As far as drug users are concerned, the clean-needles policy has been proved effective and has been emulated by a range of countries. The trusty condom continues to show its worth in spite of some damaging attacks by people who must have known better, and male circumcision has been proven as a valuable means of preventing disease . We might not have a vaccine or a cure, but we have the means to at least contain the virus and yet the casualties continue to build up not just in their thousands but in their millions.
That is why for this book I wanted to find out more about what is happening, not only in Britain but in other countries around the world. For HIV and Aids is self-evidently an international epidemic in which around thirty-six million men, women and children have so far perished yes, thirty-six million. The drugs which will preserve life are now available, but still we have over 1,600,000 deaths a year. Surely we can do better than that? Surely there is a duty on us to preserve the lives that are being so squandered?
In the 1980s we had the excuse that we did not have the drugs to prevent death but what is the excuse today? There is no doubt about what has shocked me most on my travels. In a word, it is prejudice: the official and personal prejudice against minorities which stands today as a massive barrier to public health throughout the world.
Norman Fowler launching the Dont Die of Ignorance campaign, 1986.

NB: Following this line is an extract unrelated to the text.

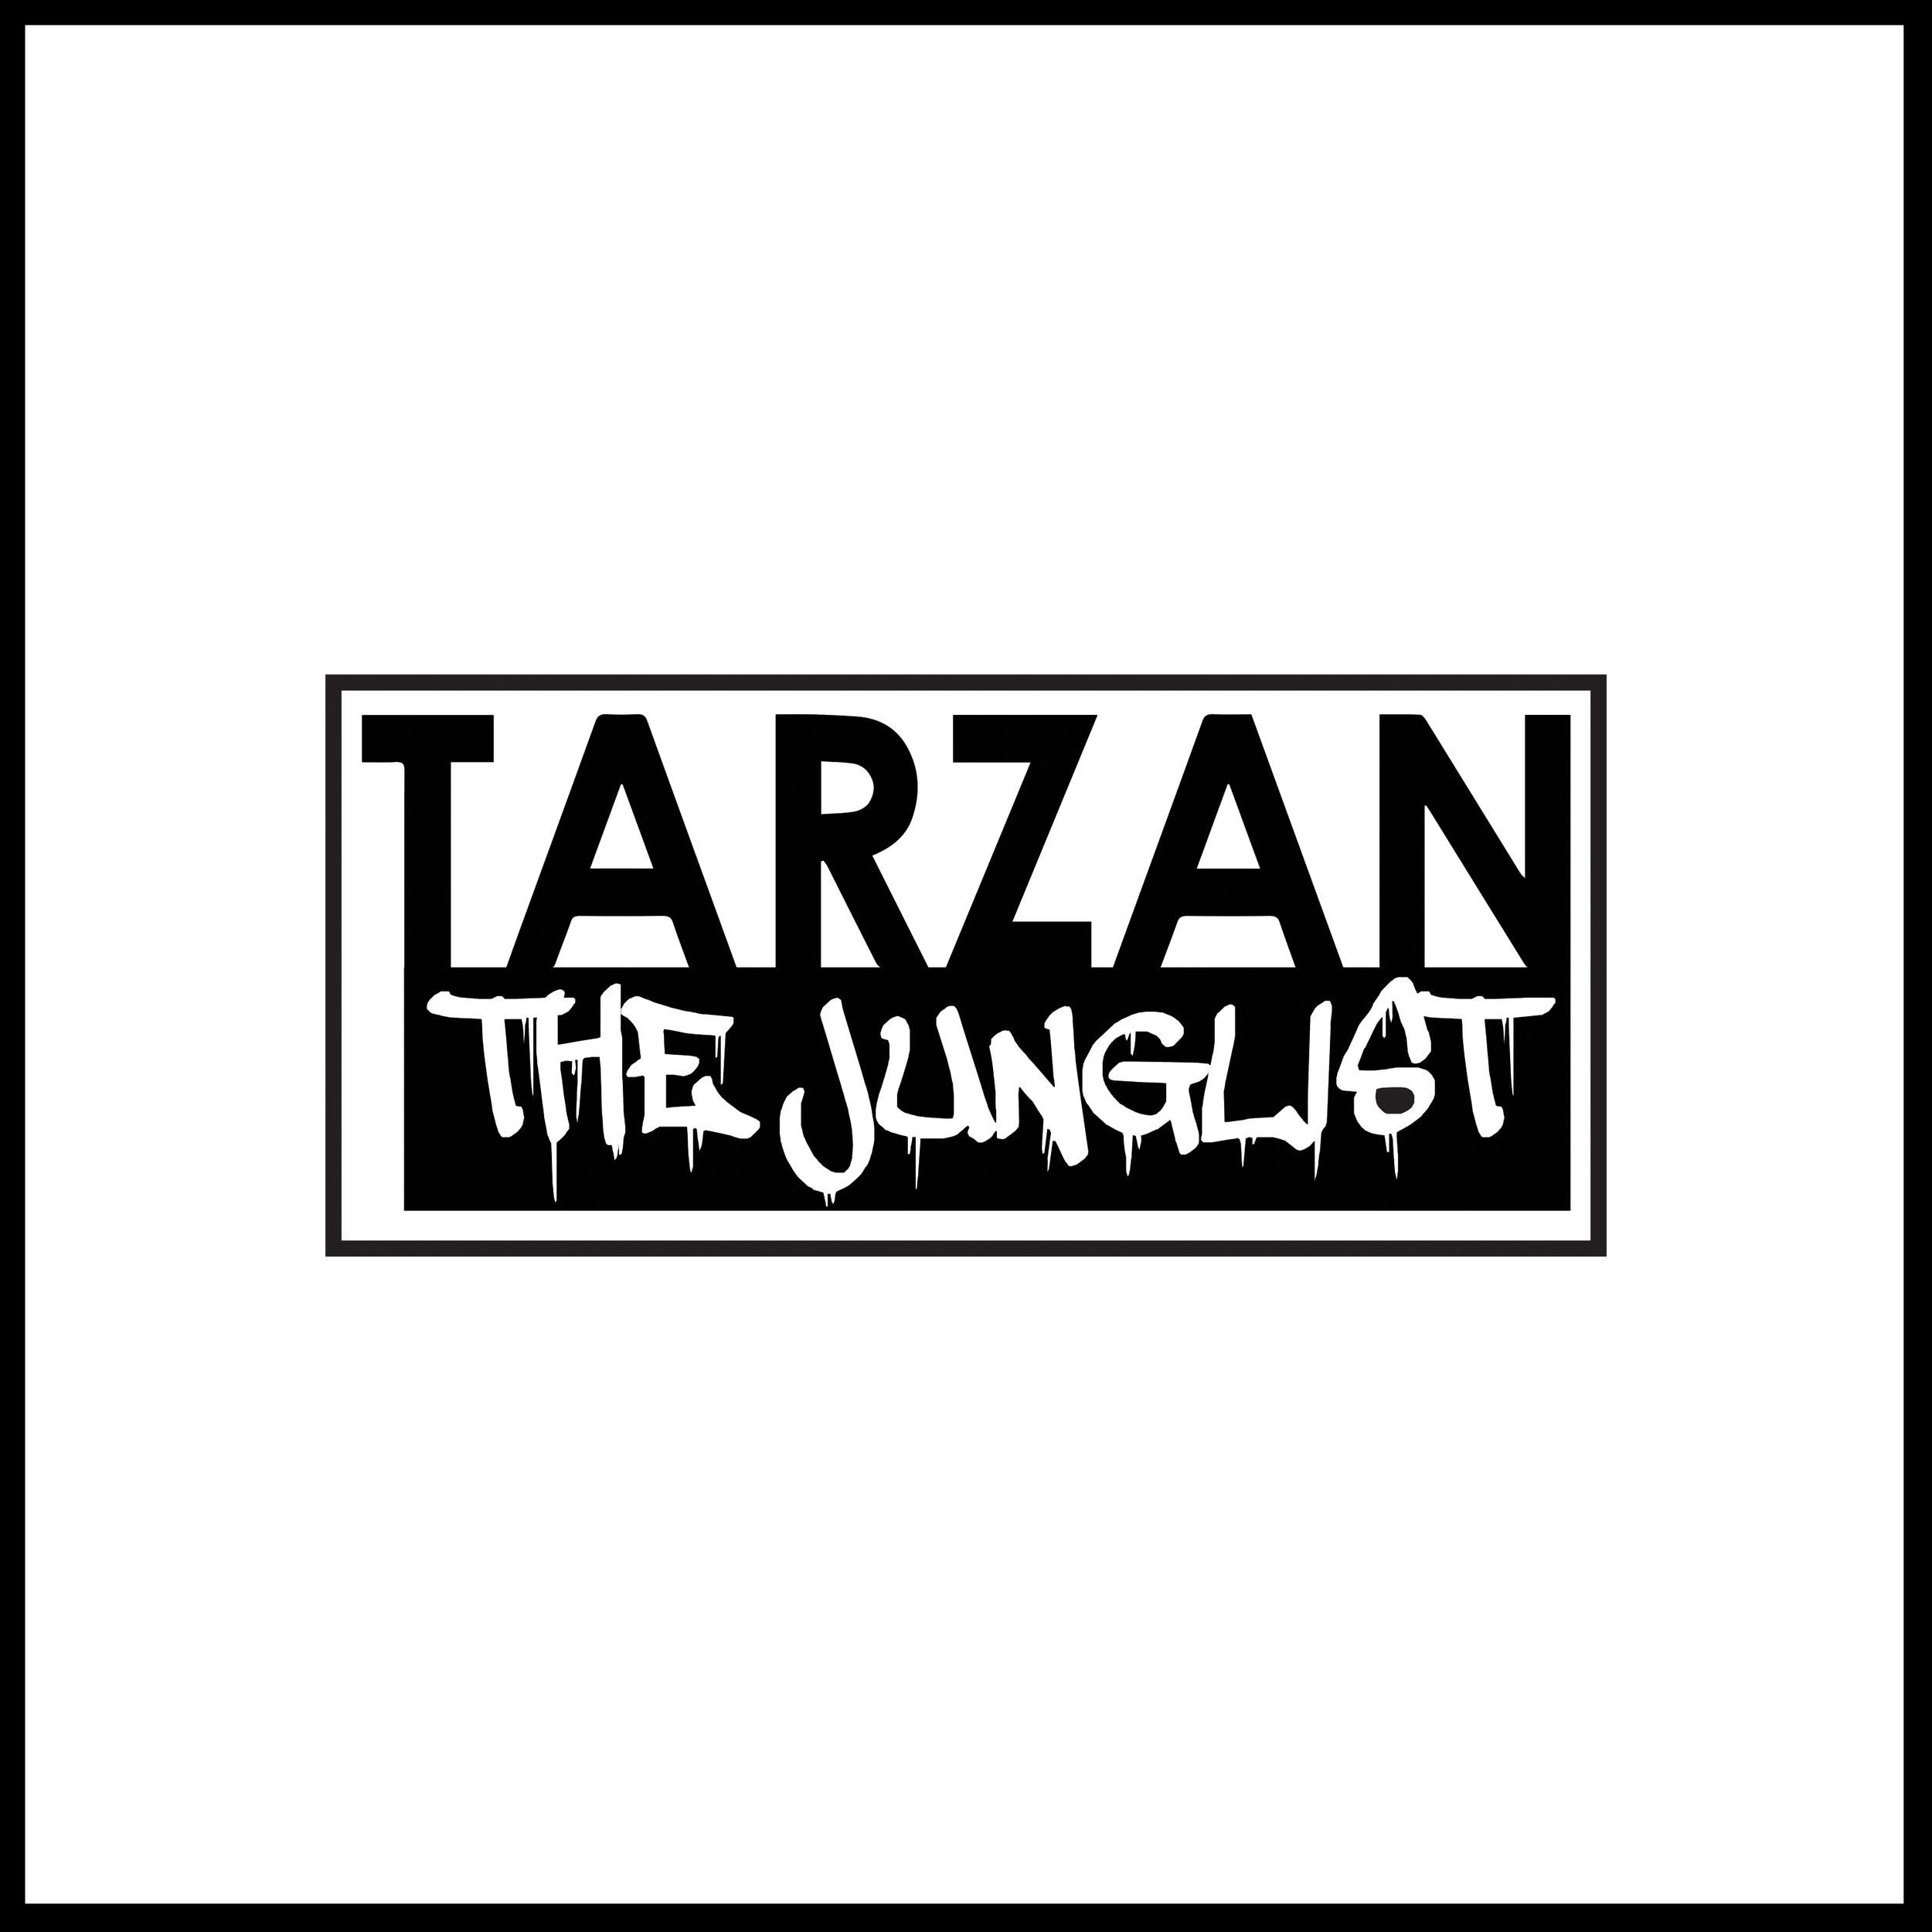 [OFDM024] Tarzan The Junglist - He Is No Normal Man.jpg

I CANNOT REMEMBER with any clarity the first time that the Aids issue came onto my desk. I can remember much more exactly the time I became seriously frustrated about the way we in Margaret Thatchers government were handling the crisis. It was almost thirty years ago and I was Health and Social Security Secretary in her Cabinet. By the beginning of 1986, Aids cases were beginning to increase alarmingly. We were struggling to explain to the public the danger they faced and also to persuade other ministers that urgent measures were now needed. My view was that we needed a direct advertising campaign explaining how the virus was contracted and warning that there were no drugs or vaccinations that could be used to counter it. The prospect for those who ignored these warnings was death. It was that which justified (or so I thought) the government going into detail on sexual practices and drug taking information that was a million miles away from the usual advertising emanating from Whitehall. It was not a time to be too delicate. People needed to understand and to protect themselves, but this approach landed me in immediate and potentially fatal trouble. Standing in the way of such a blunt approach was the Iron Lady herself.